Adaptive speculative decoding lets SGLang adjust `speculative_num_steps/speculative_num_draft_tokens` at runtime instead of keeping a single fixed value for the whole server lifetime.
It is designed for workloads whose accept length changes over time, where one static step count is rarely optimal.

## Current support

* Only `--speculative-algorithm EAGLE` or `EAGLE3`
* Only `--speculative-eagle-topk 1`
* If either condition is not met, SGLang falls back to static speculative settings

## Why adaptive steps help

`speculative_num_steps` controls how many draft-model autoregressive steps run in each speculative round. In practice, the best value depends on the current workload.

* If `num_steps` is too small, the draft model could have produced more accepted tokens, but the round stops too early.
* If `num_steps` is too large, the draft model produces many candidate tokens that the target model rejects, so extra draft work is wasted.
* At **high batch sizes**, the cost of each wasted draft step is multiplied across all sequences in the batch, so the optimal step count is often lower than at low batch sizes.

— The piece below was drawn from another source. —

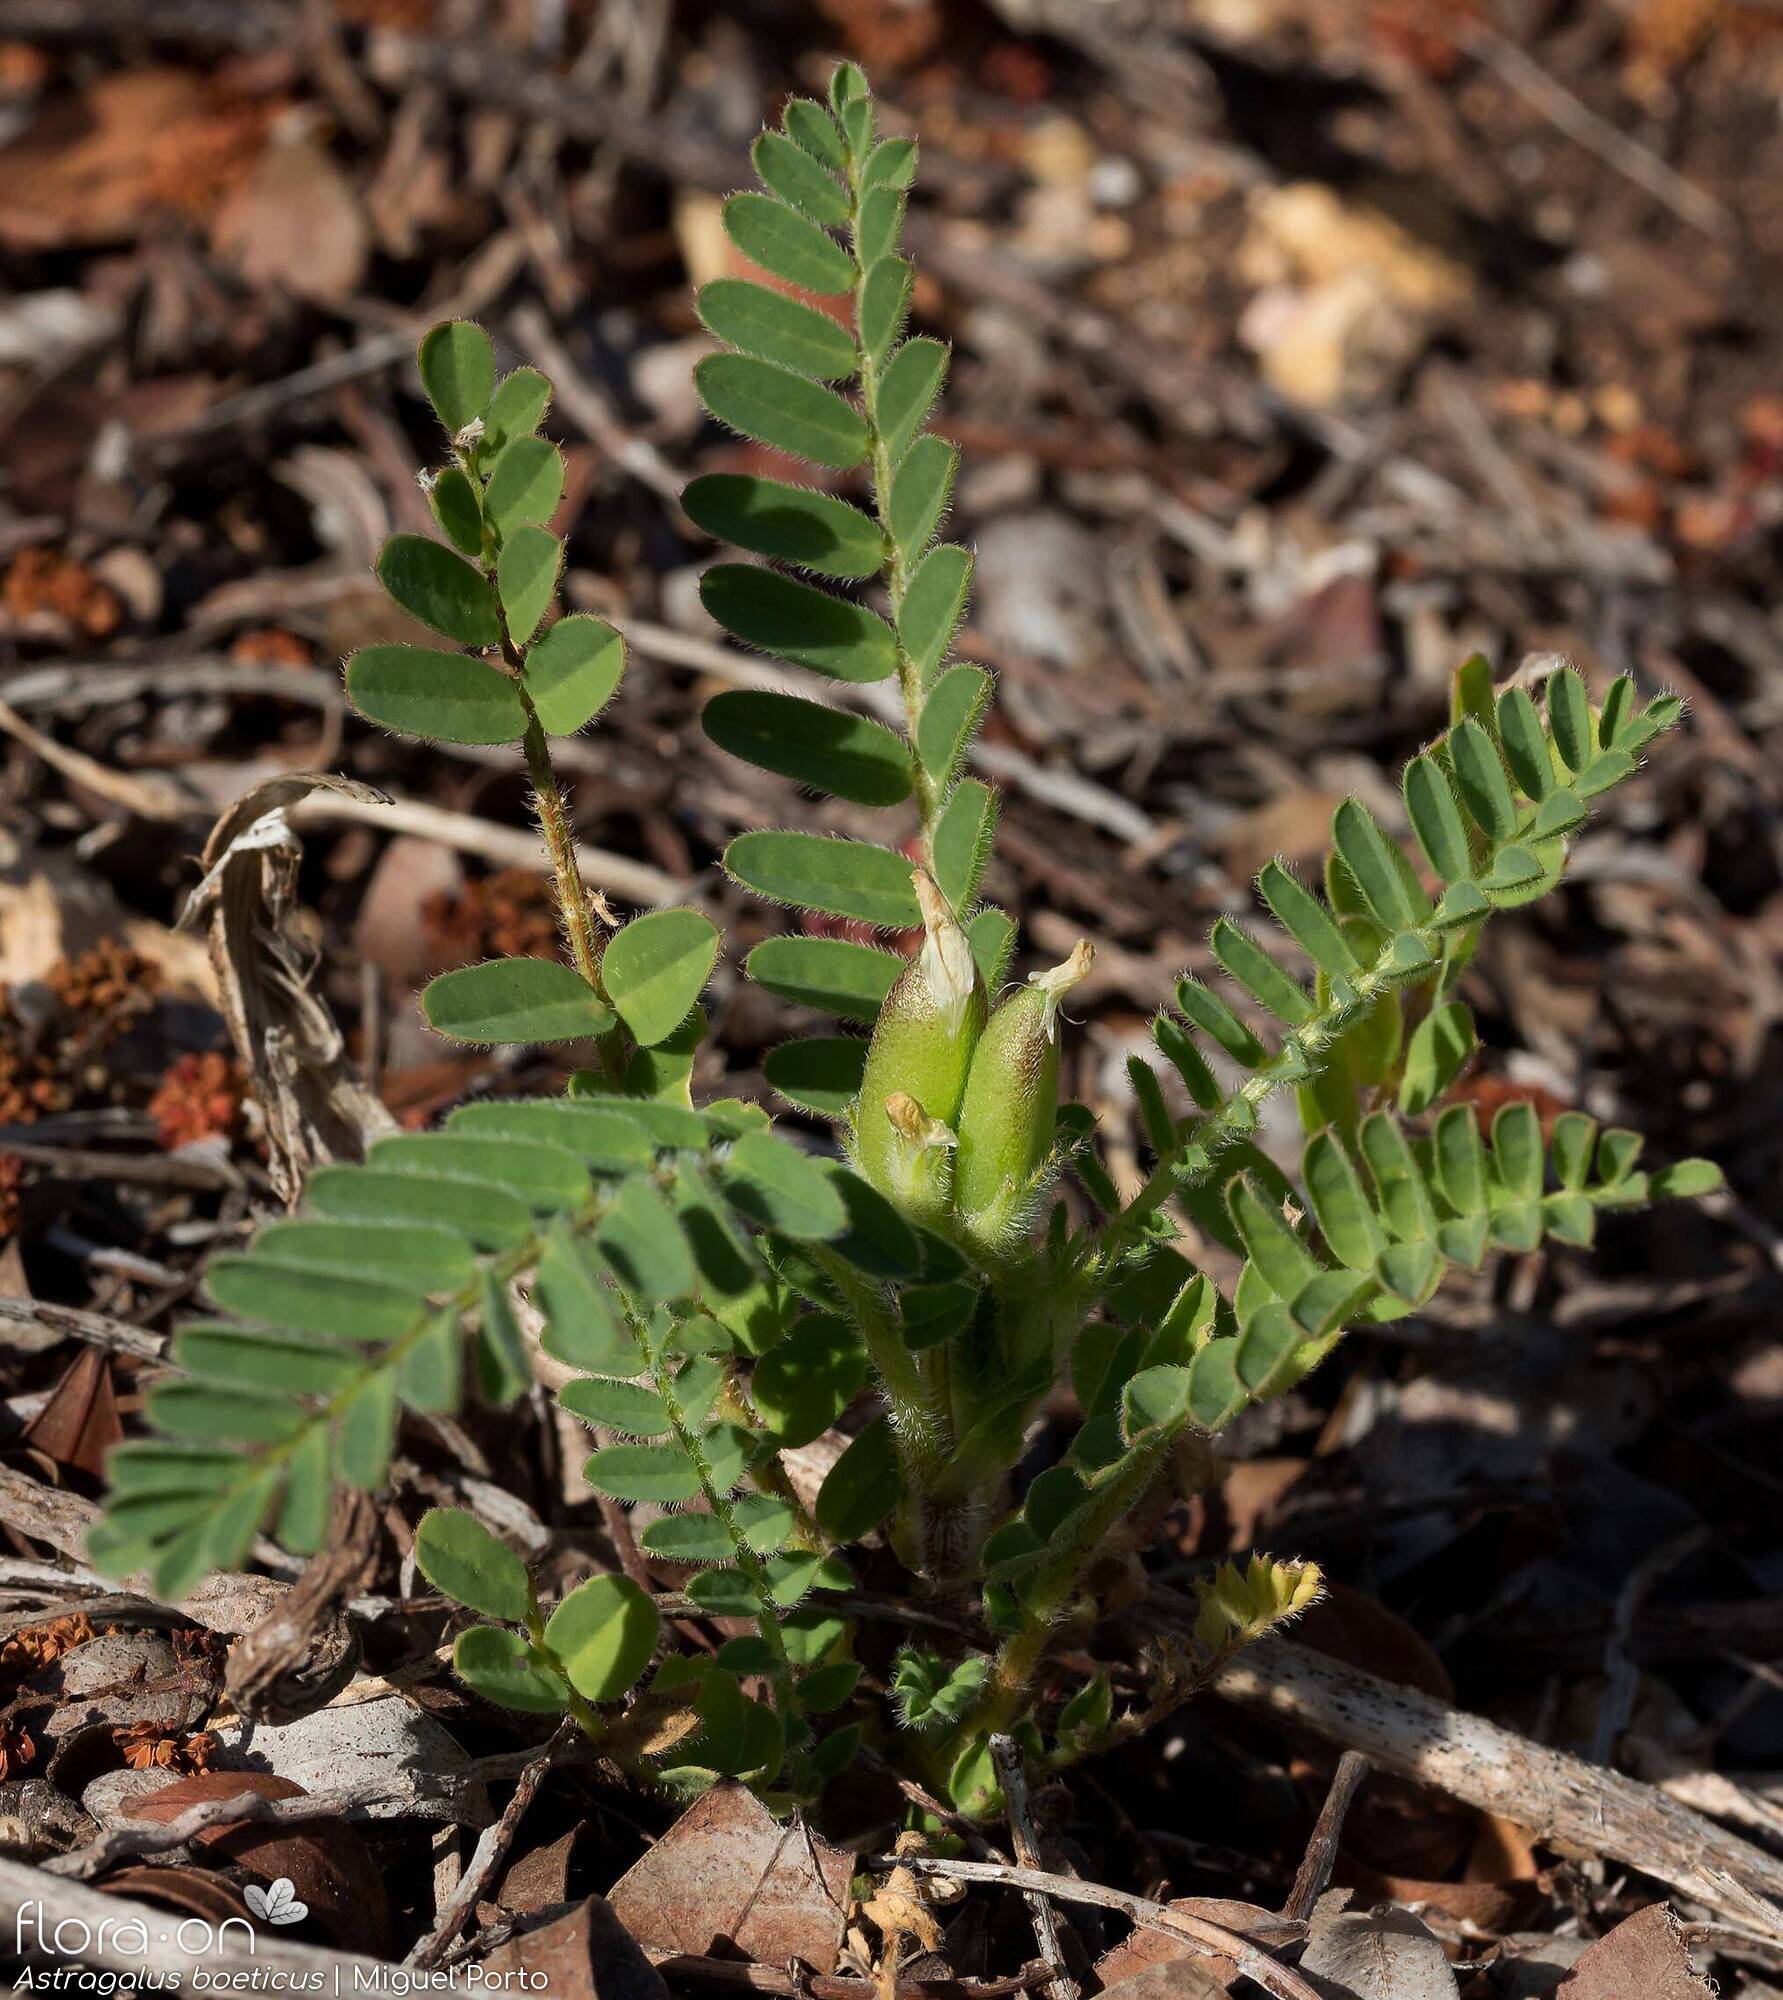 Astragalus boeticus - Hábito | Miguel Porto; CC BY-NC 4.0
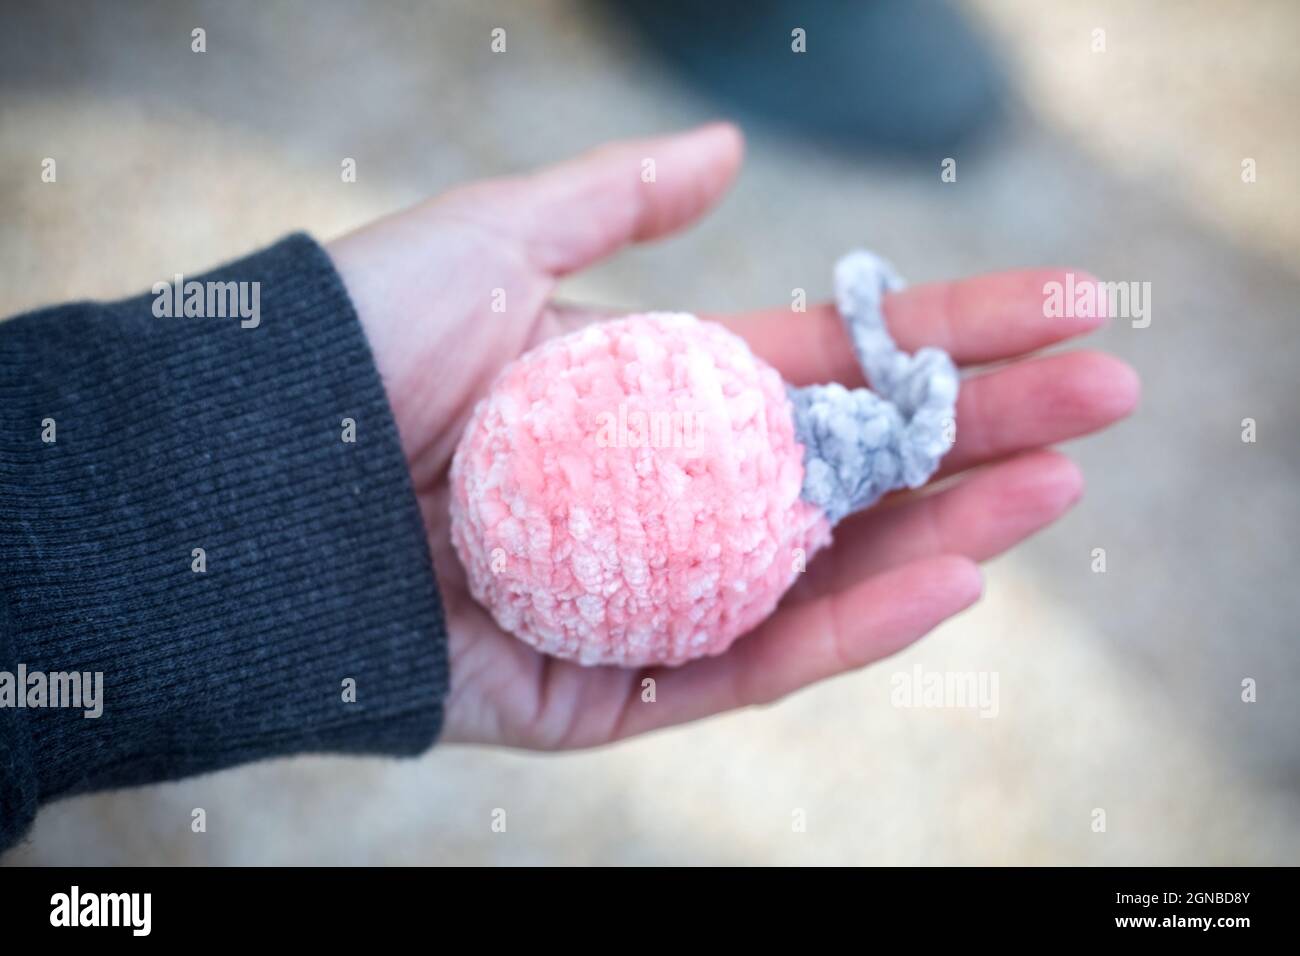 Rose año nuevo bola amigurumi en la mano de la mujer al aire libre. Tejido de peluche de hilo suave para la decoración navideña. Regalos navideños hechos a mano. Fabricación Foto de stock

Real traffic often moves between high-acceptance and low-acceptance phases, and batch sizes vary continuously. Adaptive mode follows both signals at runtime instead of hard-coding a single global `num_steps`.

## Design overview

The adaptive mechanism has three pieces:

* `AdaptiveSpeculativeParams`: the EMA-based policy
* `SpecRuntimeState`: the per-tier runtime state bundle
* `AdaptiveController`: the coordinator that queries the policy for the current batch size and activates the matching runtime state

### Per-batch-size independent tracking

The controller maintains **independent EMA trackers for each batch size range**, so observations at small BS don't pollute the large BS signal. Each BS range can have its own candidate steps, hysteresis thresholds, and ceiling coefficient.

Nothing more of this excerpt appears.